Потом он еще долго учил Рудика, как надо жить, хотя и без его слов ясно, что жульничать всегда плохо.
Иногда они собирали на свалках и помойках старые грязные тряпки и лоскутки, разные рваные вещи, что пошли на выброс, Василий все подбирал и складывал портфель. Вместе ходили на Каму, рванье отмывали, стирали, сушили. Из крепких ремков и тряпок дергали нитки для шитья, связывали узелками и наматывали на самодельные катушки. Блеклые лоскутки Василий долго кроил и потом шил манишки с воротником, пуговицами, двумя тонкими завязками на спине.
Манишки люди покупали неохотно. С удивлением и улыбочками рассматривали, смеясь, примеряли и возвращали назад. Иногда брали, но больше носили манишки сами портные. В другой раз Василий принимался шить да клеить чувяки и тапочки из старых кож и клеенок, что валялись на хоздворах. Клей из костей варили на костре в лесочке, дратву вили из суровых ниток. Готовую обувку смазывали солидолом, она получалась мягкой и приглядной, шла нарасхват и по приличной цене. Еще Василий подрядился работать на промкомбинате, чтоб получать продовольственные карточки. Брал работу на дом и раз в месяц сдавал ее в пеньковый цех. Вдвоем плели и крутили мочальные веревки, по пятьдесят метров на моток. Ходили в лес, отыскивали липы, драли и мочалили лыко. Работенка трудная, муторная, доход совсем вшивенький, плата смехотворная, на один стакан базарной муки, но зато имели справки, продуктовые карточки.
– За это тому промкомбинату, – говорил старик, – низкий поклон и душевное спасибо, никто к нам не придерется, как к паразитам… Веревки эти, Рудька, нужны обороне, ими на заводах перевязывают грузы, что идут прямиком на фронт…

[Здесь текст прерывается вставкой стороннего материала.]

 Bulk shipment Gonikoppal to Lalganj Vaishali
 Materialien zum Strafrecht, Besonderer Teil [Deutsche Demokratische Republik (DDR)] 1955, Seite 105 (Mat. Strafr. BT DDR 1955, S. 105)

Было тяжело – руки исцарапаны, в мозолях, ноют, болят, но Рудик помалкивал.
Кисет каждую неделю на глазах набухал. Вроде бы денег и много, да уж очень они дешевые, на одну покупку чуть полкисета не тратили. Изредка на несколько дней собирались в отхожий промысел по деревням и пристаням, то на пароме, то ходили пешком.
Когда Василий чинно шел по деревне с портфелем, некоторые принимали его за сельского фельдшера, другие – за нового учителя, но для большинства он был артистом из города. Перед выходом на публику Василий надевал светлую глаженую манишку и прицеплял булавкой к воротнику потертый галстук-бабочку. В таком виде он больше походил на швейцара из старого ленинградского музея, но в здешних местах никто никогда не видел швейцаров.
Василий не торопясь открывал портфель, доставал мандолину, нежно гладил и негромко говорил:
– Рудька, она со мной жизнь прожила. Без нее нам с тобой никак нельзя. Голову продам, душу заложу, а вот её – нет. Только она и есть у меня… да вот ты еще навязался…
В деревне Василий выбирал видное место на площади или у клуба. Садился на скамеечку, ногу на ногу закидывал и начинал наигрывать, подпевая и мурлыча цыганские песни. Рудика он не обучал ни цыганским словам, ни цыганским песням, но научил плясать чечетку и отбивать коленца.
– Умей все делать, Рудька, жизнь у тебя еще большая будет…
В кожаных тапочках да если еще на досочке или фанерке плясать, чечетка классно отбивается.
– Ай, цыганочка, ай-ай! – подпевает Василий. – Ой, цыганочка, ой-ой! Гоп-и-го, гоп-и-гоп! Йех!
Мандолина заливается, Василий сам готов в пляс пойти. Рудик из всей мочи чечеточку отщелкивает, руками машет, ногами притопывает, языком причмокивает.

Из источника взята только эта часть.